Despite the difficult changes, Lauren says she's learned just how strong her body is and that it's a body that fought to recover from a disease so severe, an ICU staff member commented they'd never seen a lower heart rate on a person still living.

"It's so easy to not love your body—to want a flatter stomach, clearer skin, bigger boobs, or a smaller nose, but I know that as imperfect as I am, and as imperfect as I may think my body is, that it's the same body that suffered an exceptional trauma and didn't give in."

And, little by little, her life is returning to normal. Lauren's back to work at a new job acting as admissions and marketing director for a skilled nursing facility in Cleveland and settling into a new house.

Lauren says that her illness helped her realize just how amazing the people in her life are. From cards and packages to prayers and a friend who donated their plasma, "I had and still have an amazing group of people supporting me through everything." That includes her father, who Lauren says could "base the book on patient advocacy on my dad and everything he did for me while I was hospitalized."

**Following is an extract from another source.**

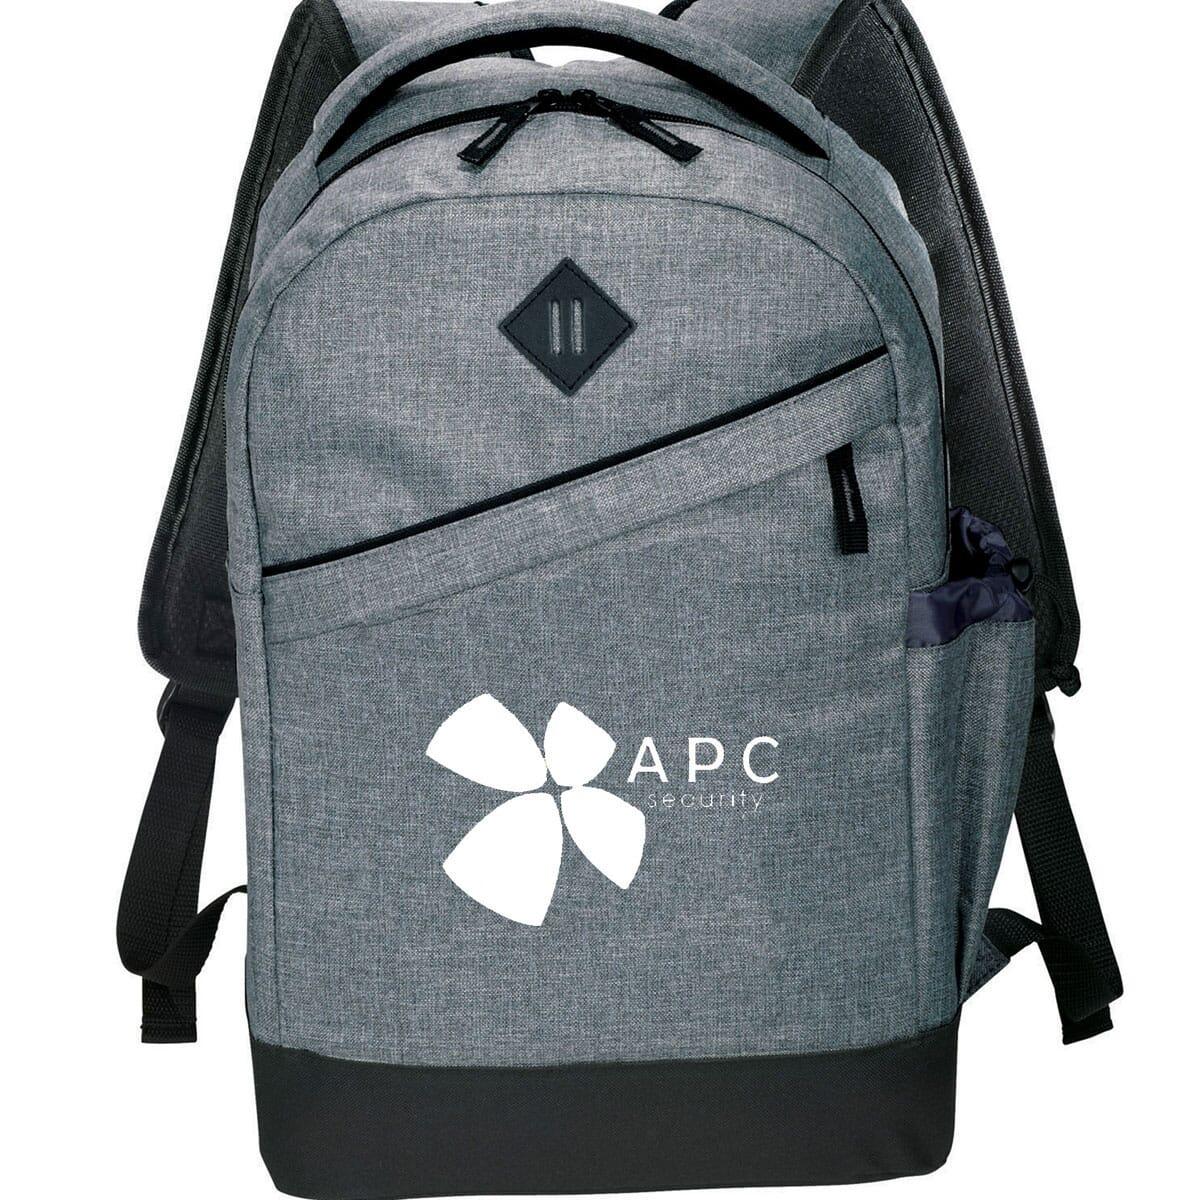 Stylish computer backpack

As for her perspective on everything she's been through, Lauren says that she's working to come to terms with the experience that has forever changed her life.

"I still can't think too hard about my hair, I still get sad when my friends bring up the memories from events I couldn't attend because of my illness, I still ask myself, 'Why me?' But I have to remember that my life was so valuable that countless people worked extremely hard to keep me alive," she says. "I have to understand that the value of my life didn't decrease because of what happened, but my experience has enhanced my story."